Siapa Peduli Kesehatan Mental Pekerja Migran?

Author

Siapa peduli kesehatan mental pekerja migran Indonesia (PMI)? Pemerintah atau seharusnya PMI sendiri? Tapi bagaimana caranya? Mengapa PMI penting deteksi dini kesehatan mentalnya? Upaya apa yang sudah dilakukan pemerintah? Dibandingkan persoalan prosedural penempatan di luar negeri, benarkah persoalan kesehatan mental luput dari perhatian? Warta Buruh Migran (WBM) kali ini akan berbagi mengulas tentang isu kesehatan mental PMI.

Sobat pekerja migran, masih ingat kisah Reni (23)? Reni adalah seorang Pekerja Migran Indonesia (PMI) asal Kabupaten Sukabumi yang dikabarkan mengalami gangguan kejiwaan ketika pulang ke tanah air pada 2018 lalu. Berdasarkan keterangan Lina Evelin, Sekretaris Dinas Tenaga Kerja dan Transmigrasi (Disnakertrans), Kabupaten Sukabumi, yang dilansir oleh Antara, Sabtu (4/8/2018), Reni diduga mendapat siksaan dari majikannya selama bekerja di Dubai, Uni Emirat Arab. Kasus ini baru terungkap setelah pengurus Desa Mekartanjung melaporkan dugaan penganiayaan terhadap Reni ke Balai Pelayanan Penempatan dan Perlindungan Tenaga Kerja Indonesia (BP3TKI) Jawa Barat (Jabar).

Pada Desember 2018 sampai Januari 2019, Pusat Sumber Daya Buruh Migran (PSDBM) melalui fans page Facebook @PSDBM mencoba mengulas kembali tentang pentingnya PMI memerhatikan kesehatan mental. Melalui ulasan tersebut, PSDBM juga menganalisa respon pembaca mayoritas PMI berdasarkan komentar mereka. Dari analisa data Facebook, ulasan tersebut telah menjangkau 18.608 orang dan 1.876 interaksi. Melalui kolom komentar, sejumlah PMI juga mengungkapkan tentang apa yang mereka alami.

Pada umumnya, PMI yang mengungkapkan persoalannya adalah mereka yang bekerja di sektor informal sebagai PRT, mulai dari tekanan dari majikan, pelarangan atas akses informasi, pembatasan untuk berkomunikasi dengan orang-orang sekitar, bahkan dengan keluarganya di Indonesia, seperti komentar PMI dengan akun Facebook atas nama Kusniah Kusniah. Kusniah bekerja sebagai PRT di Malaysia, dia mengaku harus sembunyi-sembunyi menelpon keluarganya.

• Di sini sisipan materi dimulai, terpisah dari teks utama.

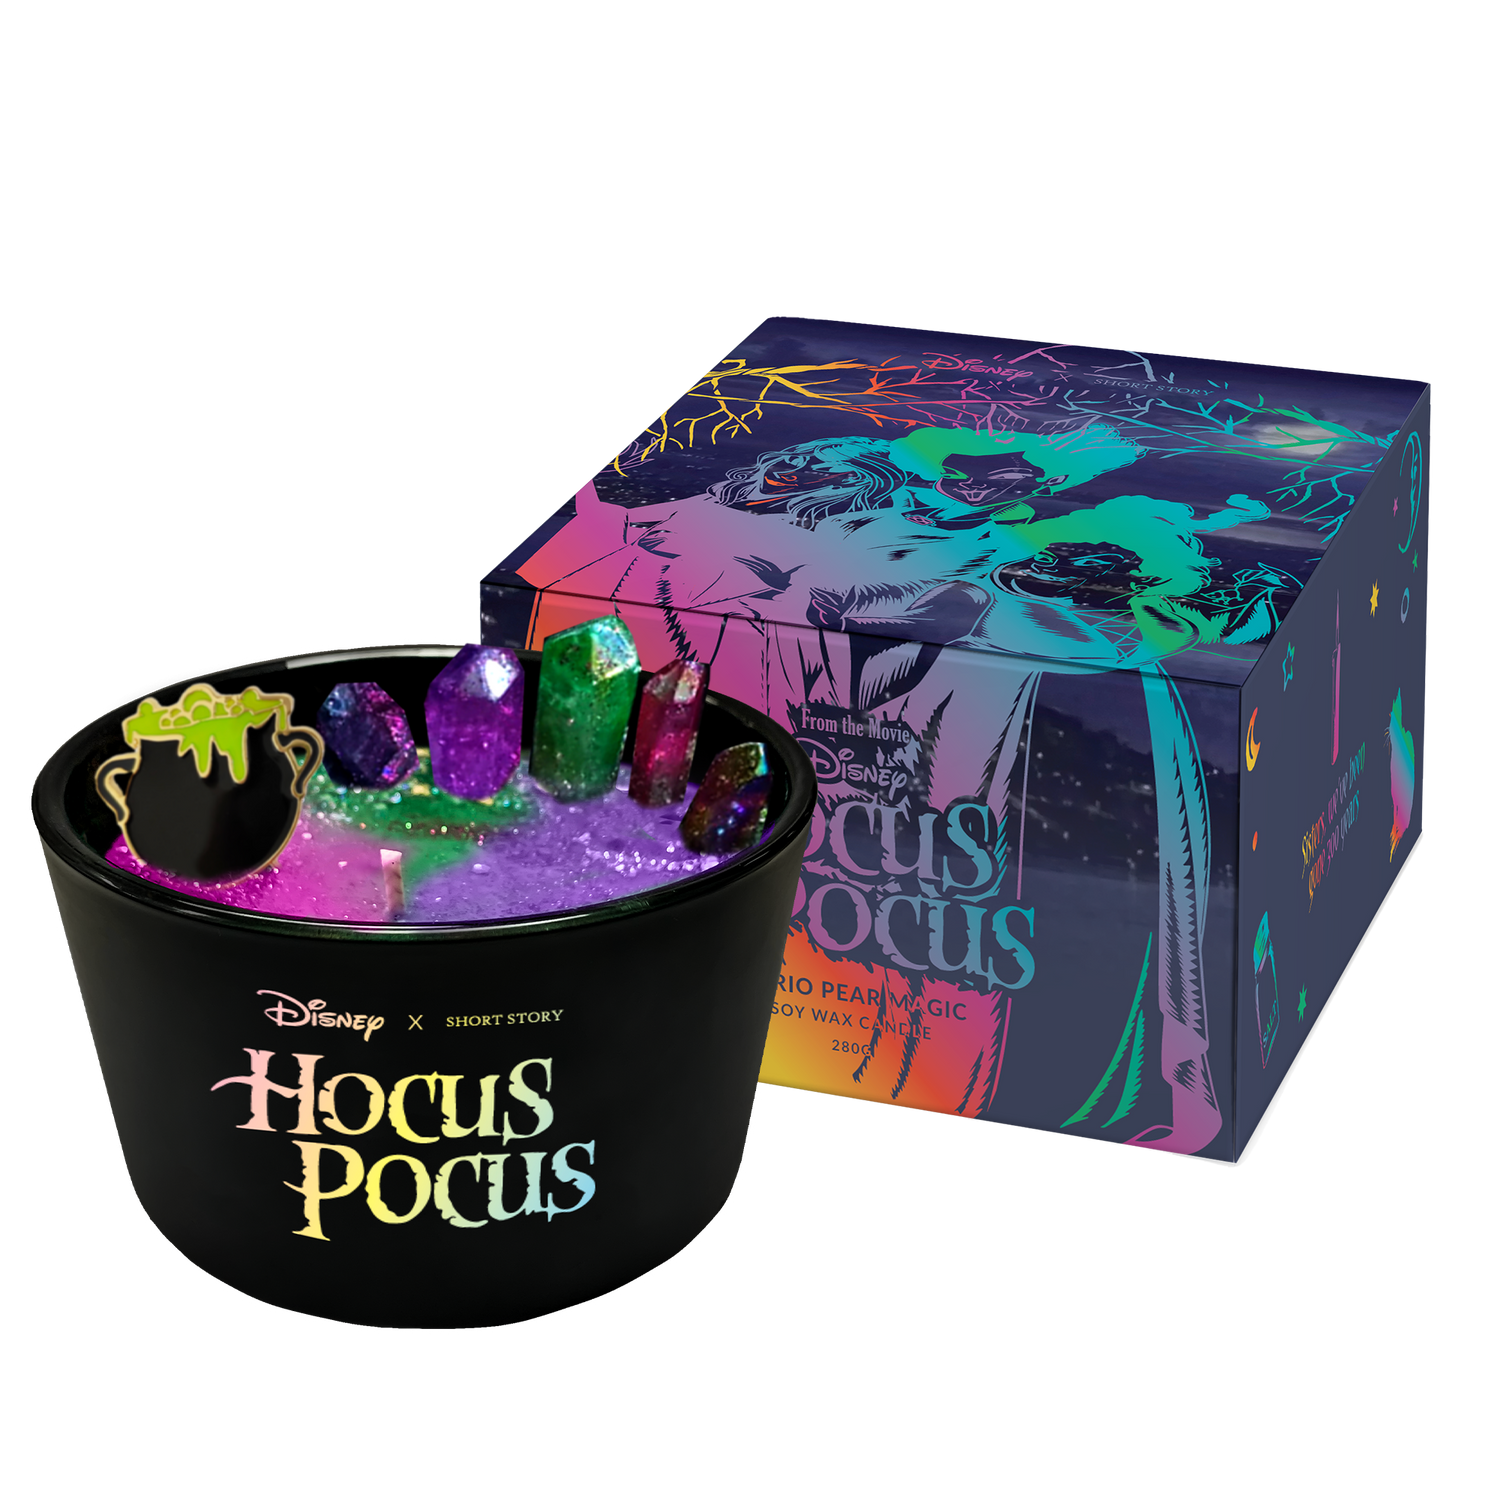 Disney Candle Hocus Pocus II

“Aku di Malaysia tidak boleh pegang Hp (hand phone), tapi ini aku sembunyi-sembunyi, habis kalau lagi kangen sama keluarga nggak bisa ditahan, pengen telepon terus. Sedangkan saya hanya boleh telepon satu bulan sekali, itu juga nggak boleh bicara lama-lama di telepon,” ungkap Kusniah dalam komentarnya di fans page PSDBM.

Selain Kusniah, ada Liseu Rahmawati yang secara terbuka mengakui perasaannya ketika akses informasinya dibatasi oleh majikan. Liseu yang bekerja di Malaysia mengaku tidak diperbolehkan memegang HP, tidak diizinkan untuk berkomunikasi dengan orang sekitar, tidak boleh menonton televisi. Saat itu, Liseu sama sekali tidak mengetahui berita dunia luar. Ia merasakan jenuh, bosan, rindu keluarga dan ingin sekali berontak.

Apa yang diungkapkan Kusniah dan Liseu Rahmawati, setidaknya memberikan gambaran bagaimana kondisi terkini para PMI di tempat kerja. Beruntung keduanya masih mampu secara sadar mengidentifikasi apa yang mereka rasakan, sehingga tidak sampai pada tahap depresi berat, apalagi sampai bunuh diri. Pada 2012, berdasarkan data Kementrian Kesehatan seperti dilansir tempo.co (22/6/2012), setiap tahun rata-rata ada lima PMI terganggu jiwanya dan dirawat di Rumah Sakit Jiwa di Jakarta.

Pada 2011, Kementerian Kesehatan mencatat ada lima PMI perempuan yang masuk Rumah Sakit Jiwa Soeharto Herdjan, Grogol, Jakarta. Ketika dipulangkan ke Indonesia, lima perempuan itu menunjukkan gejala-gejala sakit jiwa sehingga dirawat di rumah sakit jiwa. Sayangnya, Kementerian Kesehatan tidak memiliki data terperinci mengenai PMI yang mengalami gangguan jiwa karena mendapat siksaan ketika bekerja di luar negeri, namun angka PMI yang sakit jiwa diduga lebih banyak dari lima orang per tahun, terutama yang tidak terlaporkan. Biasanya, PMI menderita sakit jiwa karena mengalami trauma yang hebat ketika bekerja di luar negeri. Selain itu kultur perlakuan terhadap perempuan yang berbeda antara Indonesia dan negara lain. Umumnya, PMI yang mengalami gangguan jiwa adalah mereka yang bekerja di Suriah, Libya, Arab Saudi, dan Malaysia.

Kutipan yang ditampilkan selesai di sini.